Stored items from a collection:
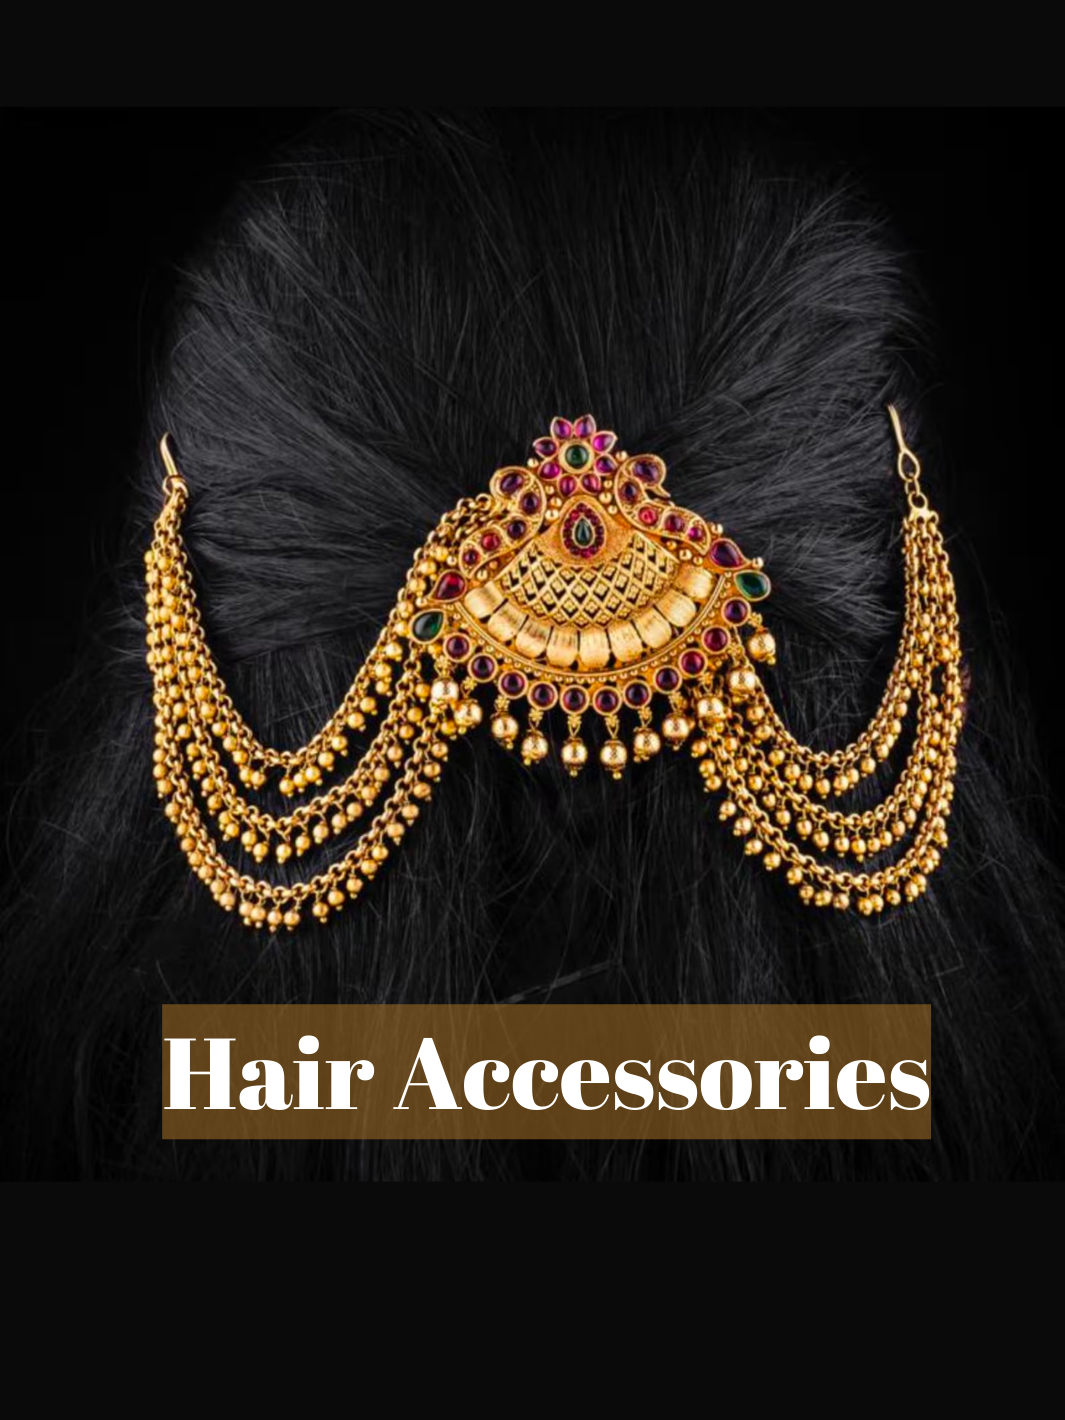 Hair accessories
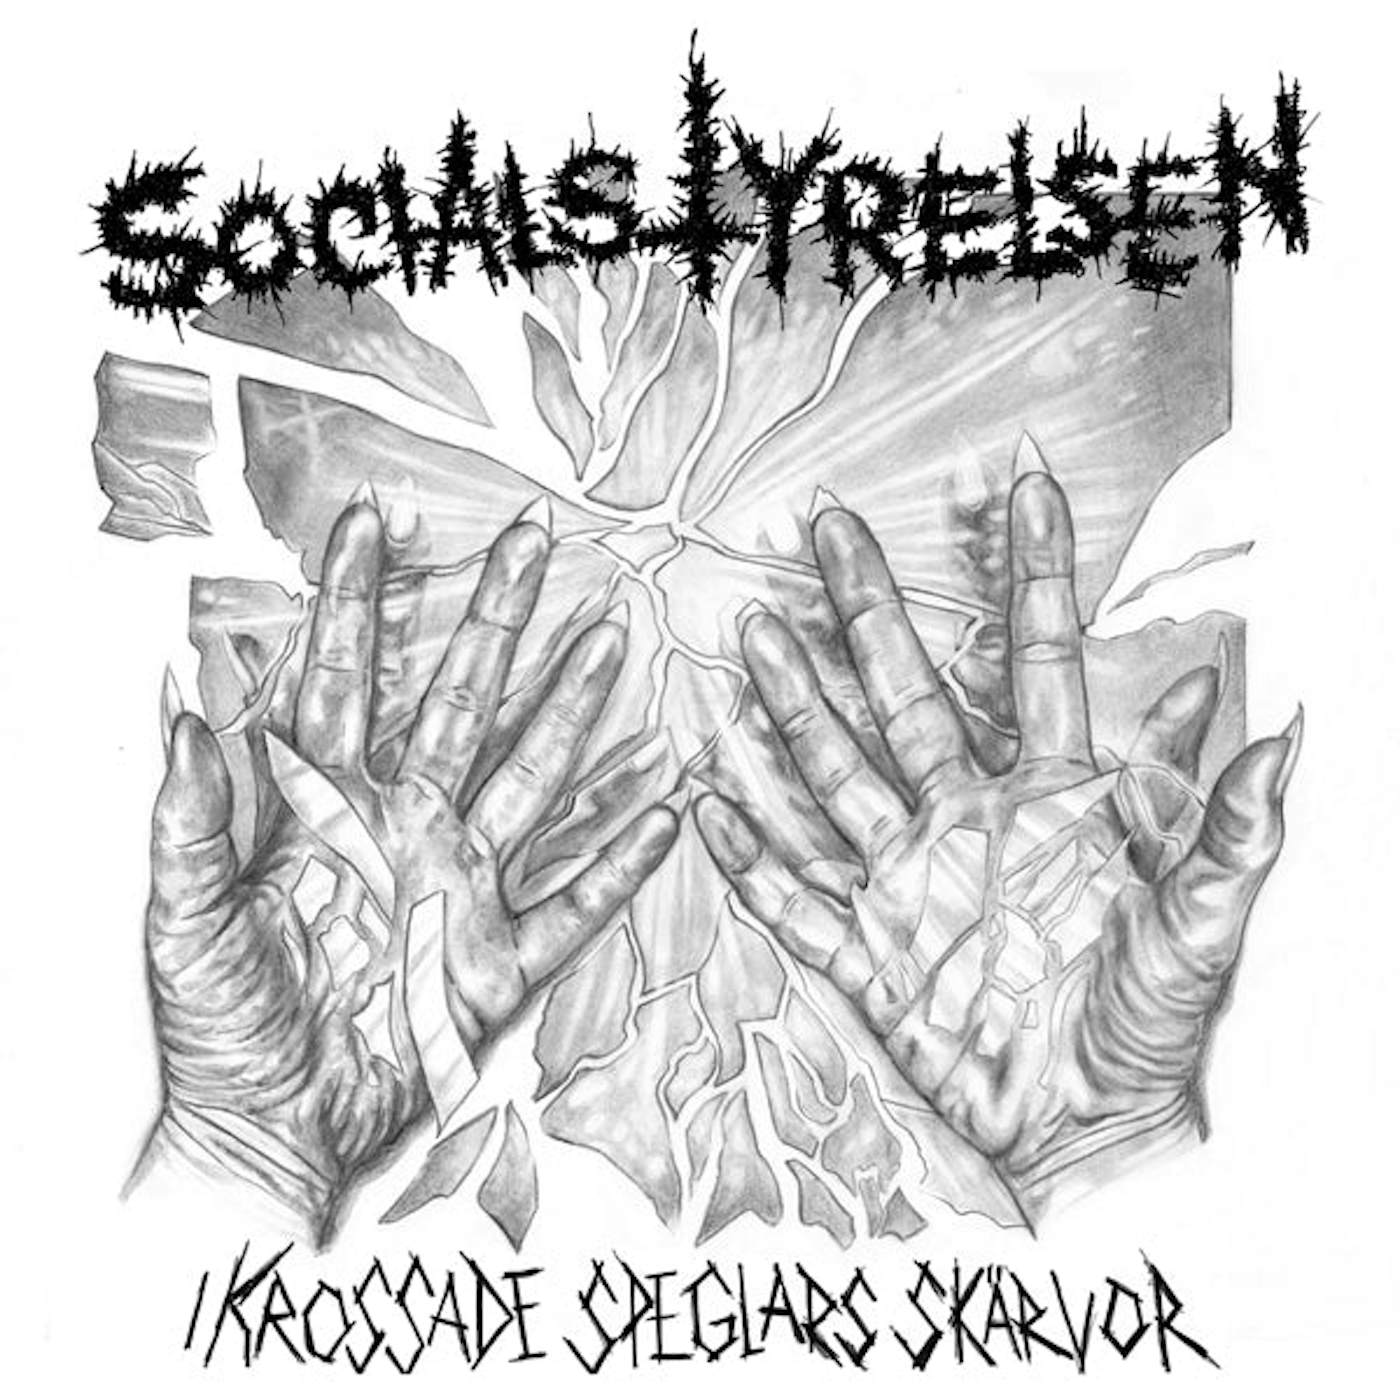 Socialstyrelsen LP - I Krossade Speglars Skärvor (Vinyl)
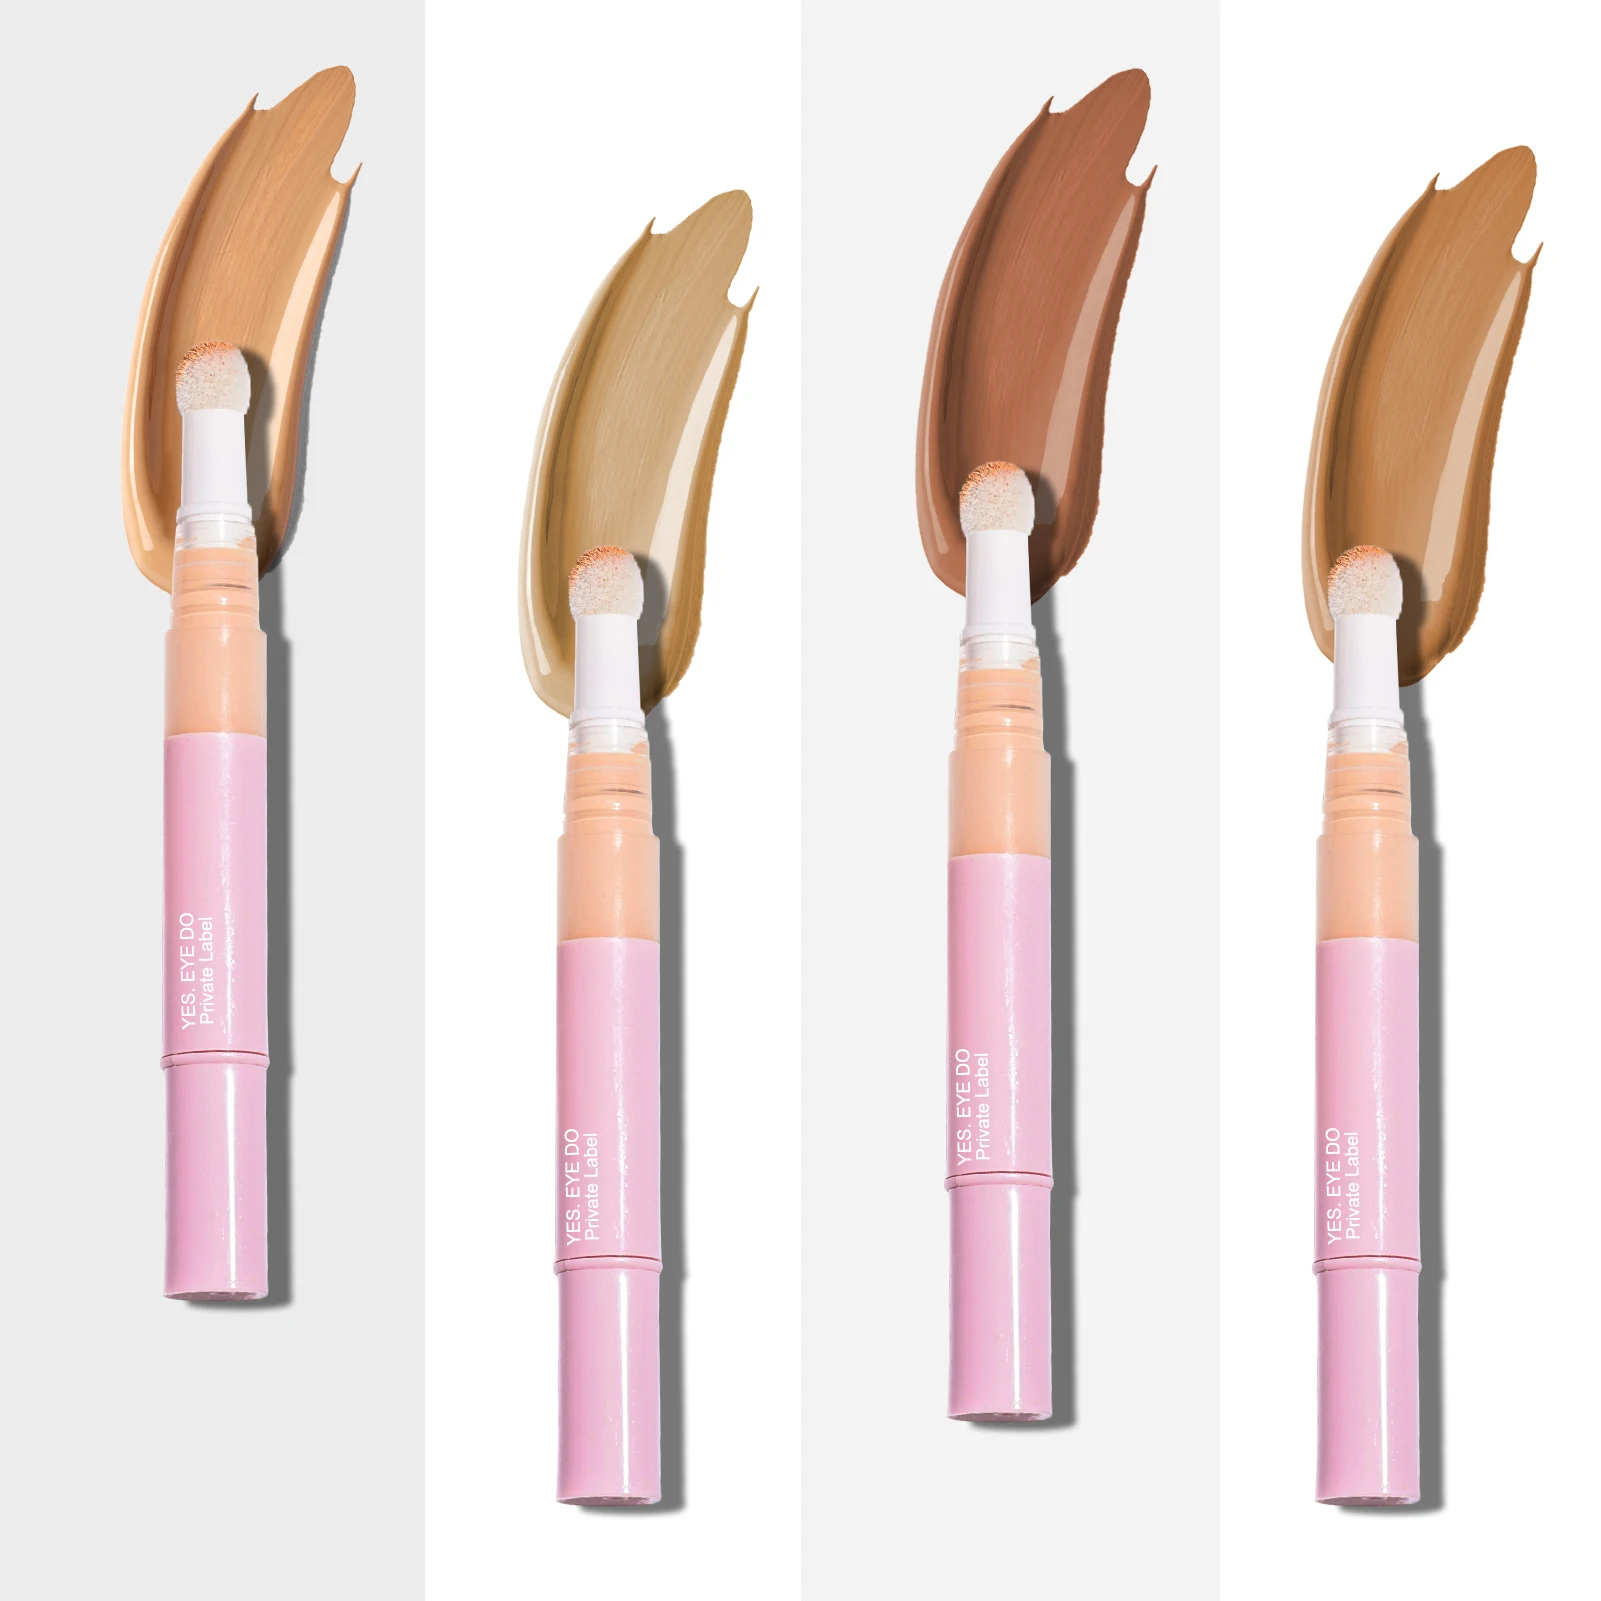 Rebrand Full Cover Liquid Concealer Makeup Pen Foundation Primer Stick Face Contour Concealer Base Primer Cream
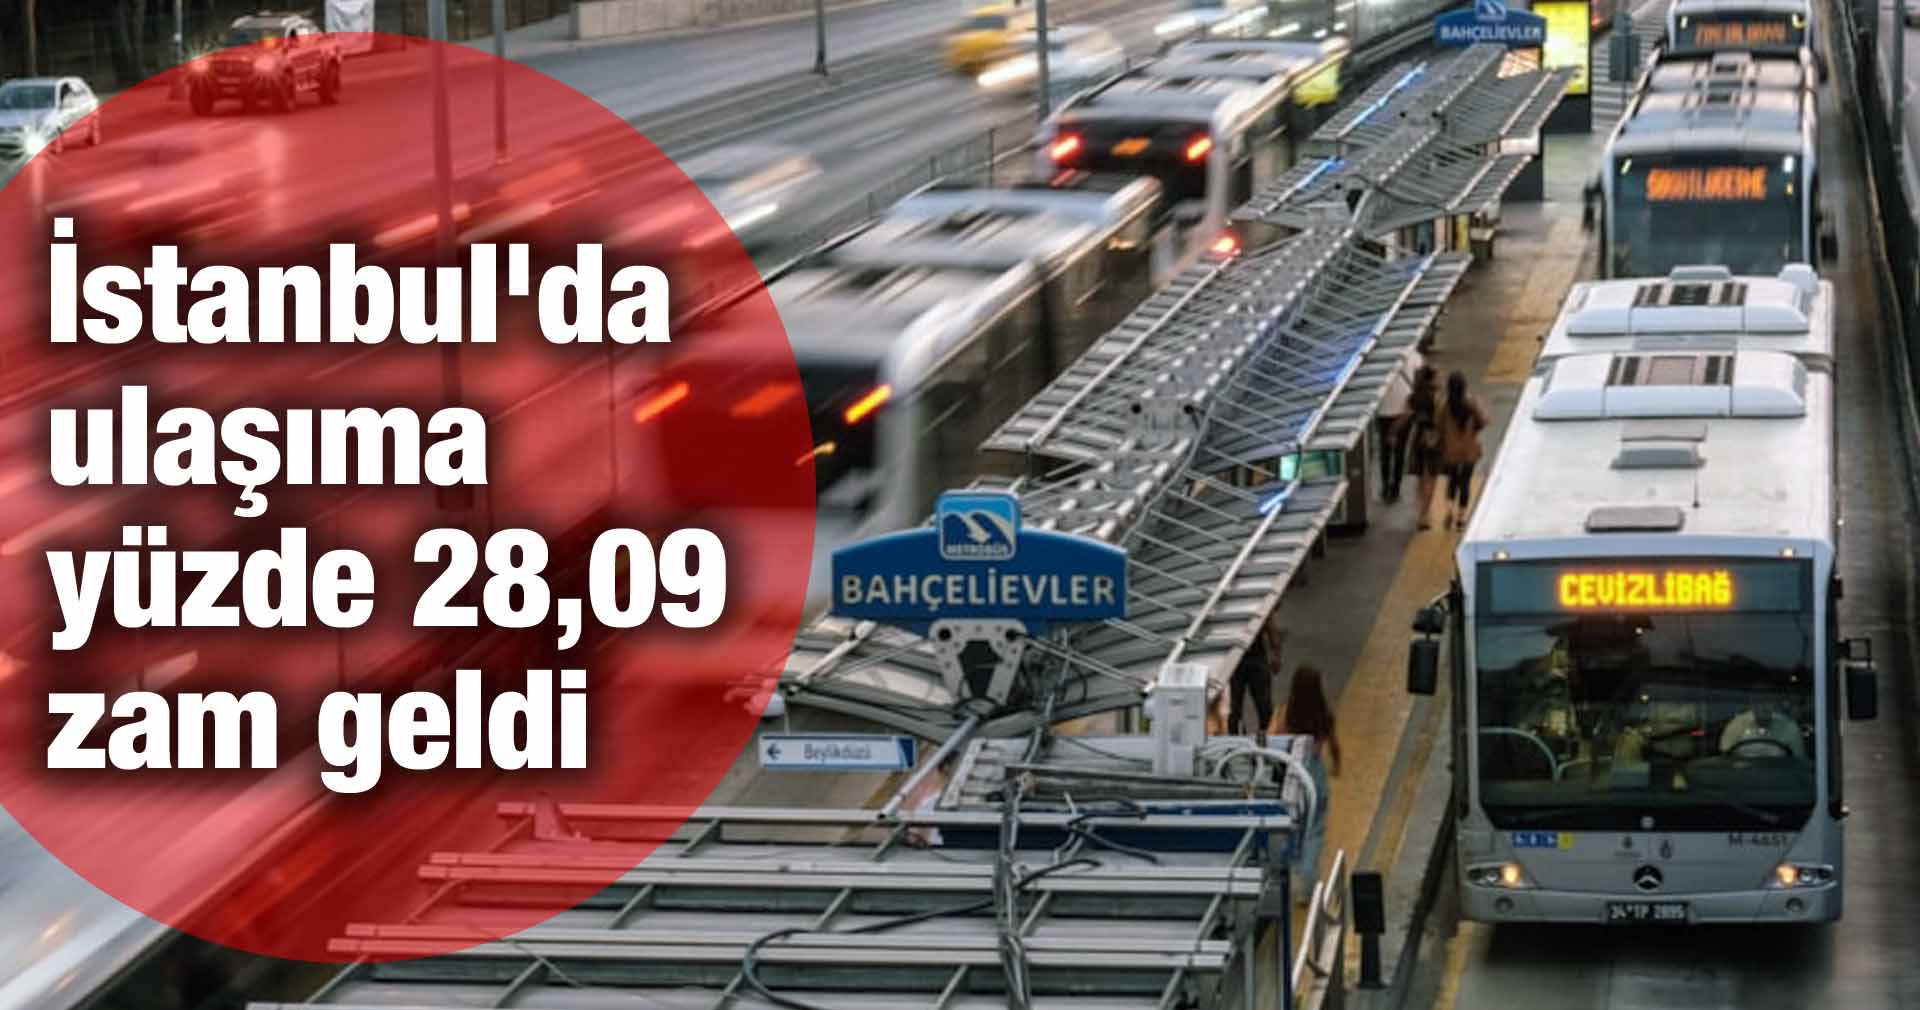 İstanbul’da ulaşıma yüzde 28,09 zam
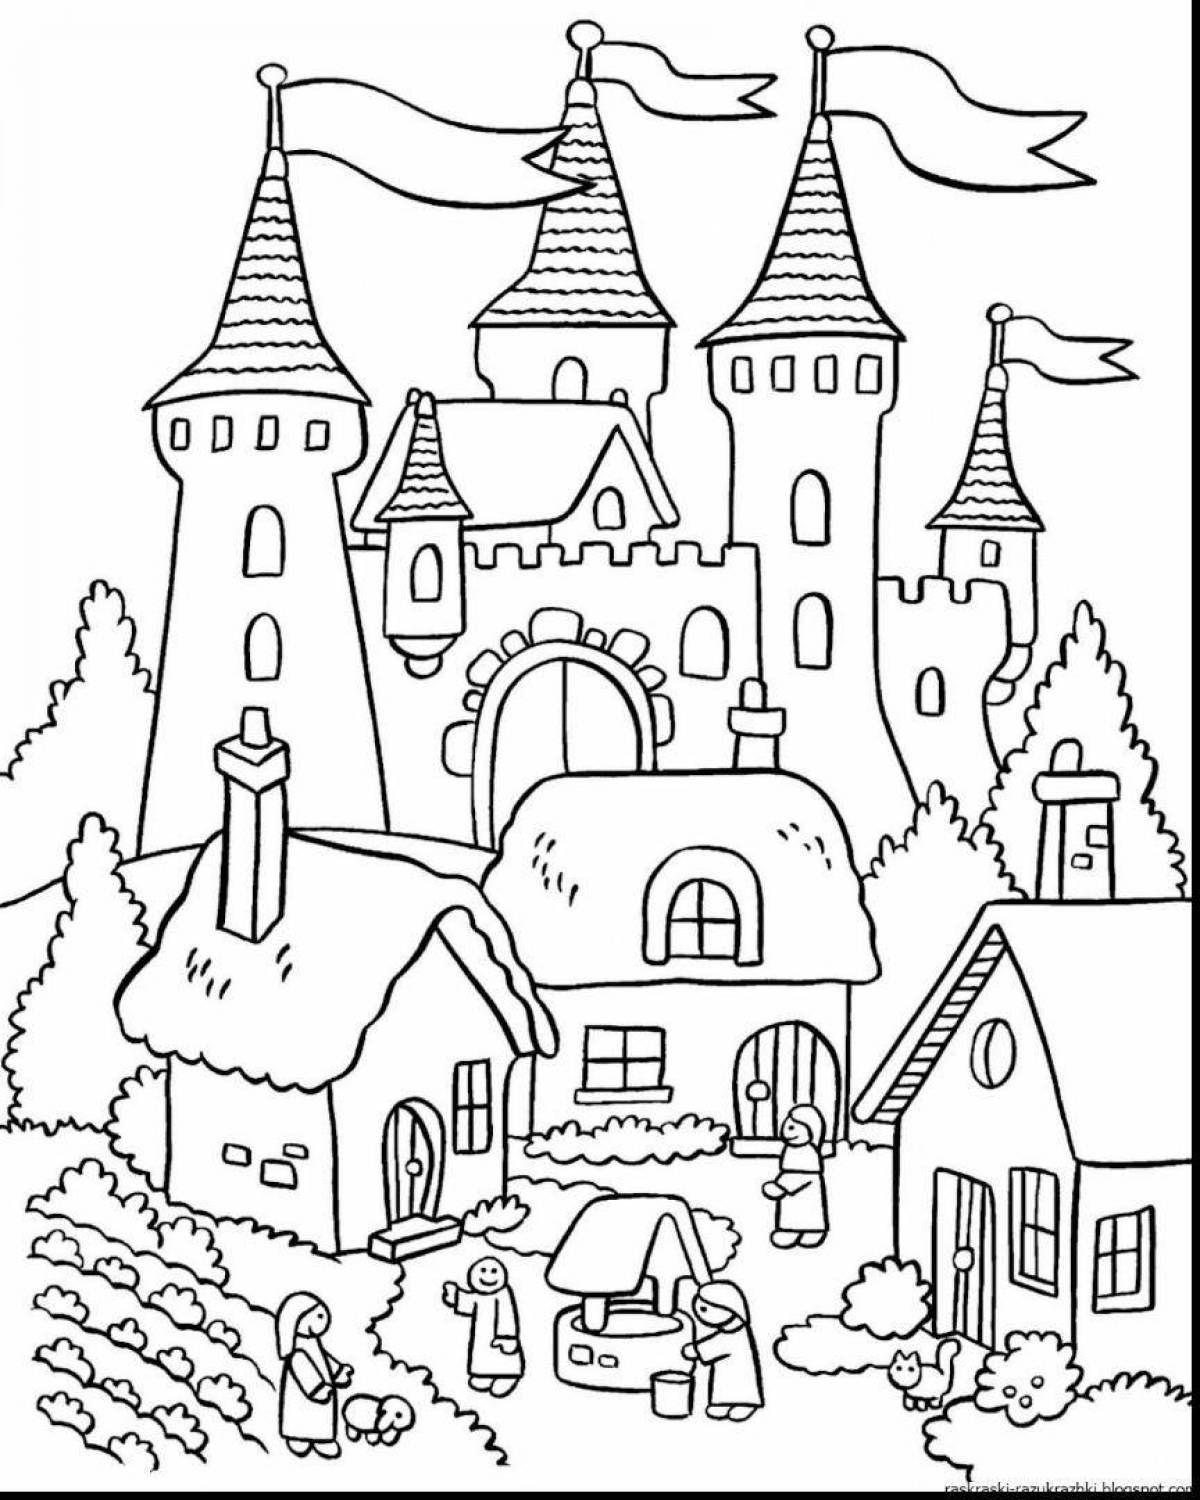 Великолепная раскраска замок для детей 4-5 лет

**Brief**
Output every entry word for word, but omit the pictures.

**The answer**
 Hair accessories
 Socialstyrelsen LP - I Krossade Speglars Skärvor (Vinyl)
 Rebrand Full Cover Liquid Concealer Makeup Pen Foundation Primer Stick Face Contour Concealer Base Primer Cream
 İstanbul’da ulaşıma yüzde 28,09 zam
 Великолепная раскраска замок для детей 4-5 лет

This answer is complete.